As usual with Trump, he has upset the delicate harmony (wa) in advance by making alarming remarks. On his visit last month he had to deny making threats about possible trade sanctions; this time he has apparently mused on the possibility of withdrawing from the US/Japan defence pact, which he sees as unequal.

Much attention will also be on Xi Jinping and his meeting with the Donald. The two leaders have been urged to reach some kind of accommodation on trade to prevent another global financial crash. Trump’s customarily pithy opening gambit to this was to say that China were desperate for a deal as their economy was ‘going down the tubes’.

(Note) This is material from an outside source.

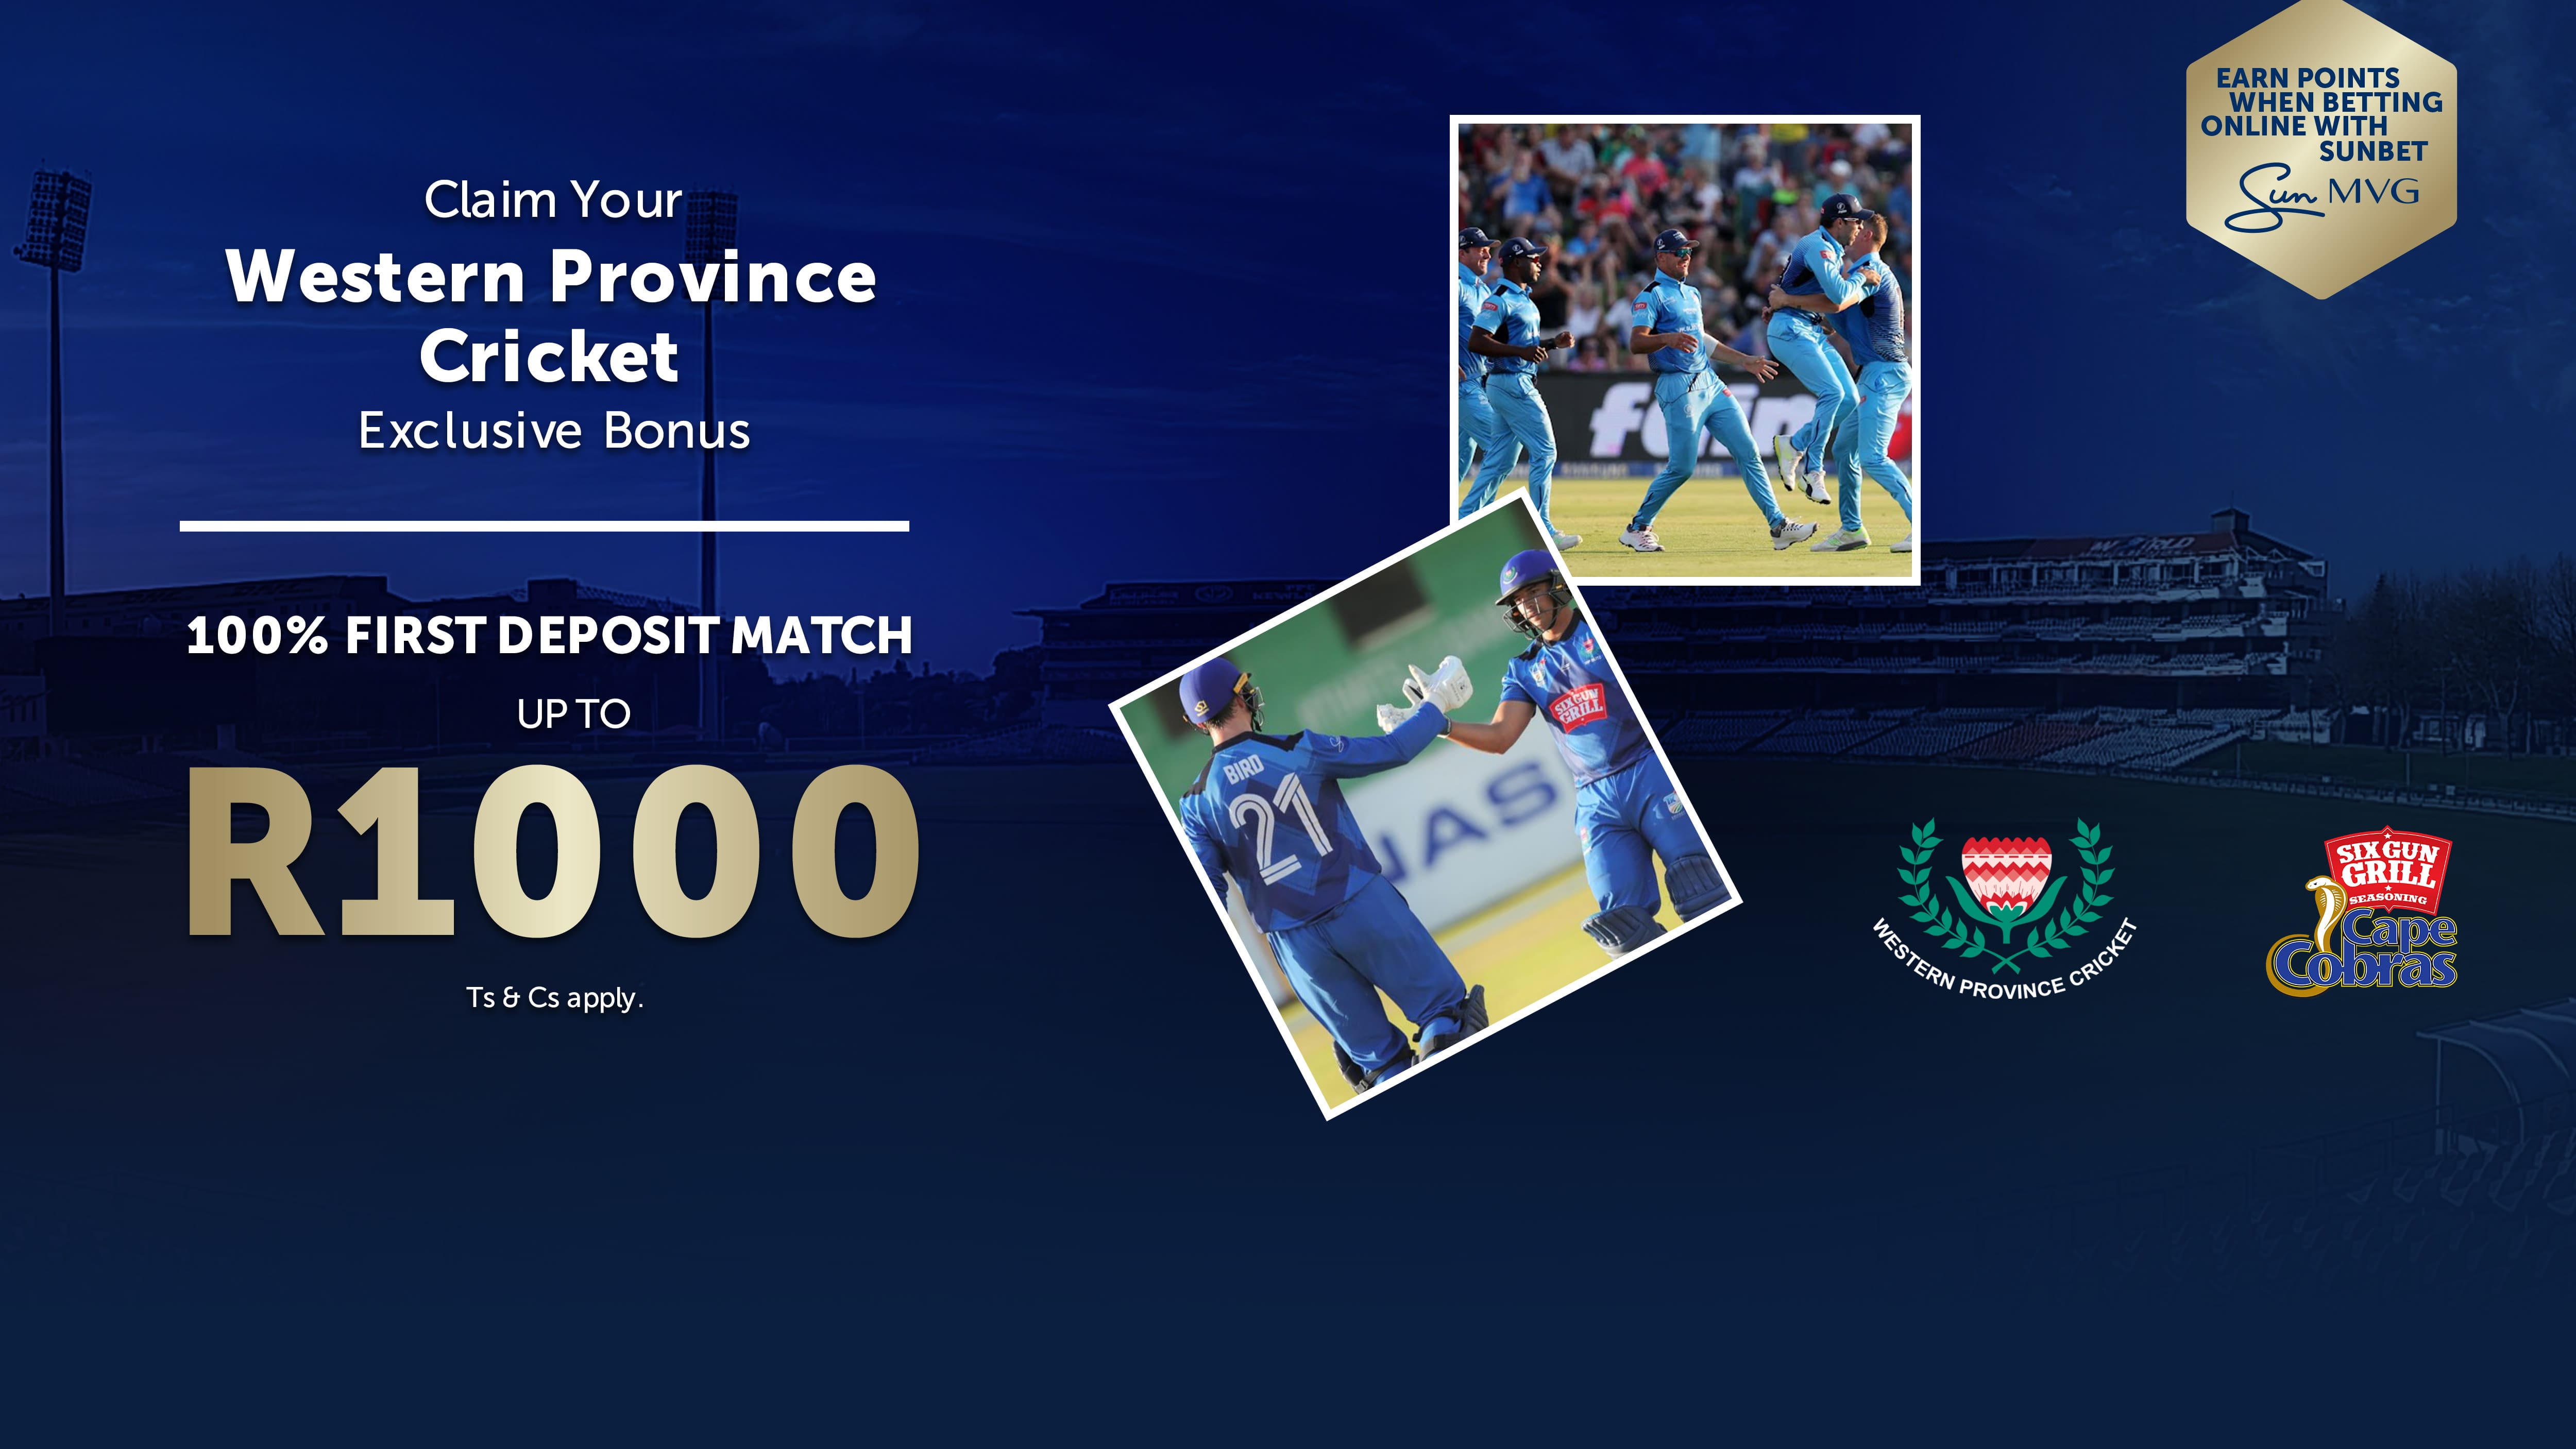 Claim Your WP Cricket Exclusive Bonus | 100% 1st Match Deposit up to R1000

In pre-summit meeting between Xi and Abe, the two agreed to work together to promote free trade, which has been interpreted as a veiled hint to Trump to back off from his sanctions threats. With all sides urging progress, and the Japanese eager for some kind of success story to emerge from the summit, there are hopes that progress will be made.

As for poor Theresa, she has hardly earned a mention in the Japanese press, and there is a feeling that she is just making up the numbers. There is a chance to say a fond farewell to Donald Tusk and Jean-Claude Juncker. And she may have been inspired in her choice of future career by the example of former Japanese prime minister Taro Aso, who chaired the earlier forum of finance ministers. Aso, generally considered a hopeless PM, has made a remarkable comeback and at 78 is the Japanese chancellor. Perhaps there is life after Downing Street?

May looks happy enough in the official photographs (apart from the shot of her shaking hands with Putin) and is perhaps enjoying some respite from the never-ending Brexit imbroglio. Ordinarily the recent comments by Japanese foreign minister Taro Kono begging the Brits to avoid a no-deal Brexit as it would devastate the UK based Japanese automotive industry would have seen her besieged.

As it is, the question of Brexit has hardly been mentioned. And if it is all May has to do is shrug her padded shoulders and use a simple but amusing Japanese phrase:

‘Kankei nai’, which in this context means: ‘Not my problem’.

If she does that, she may get a laugh in the funniest city in Japan.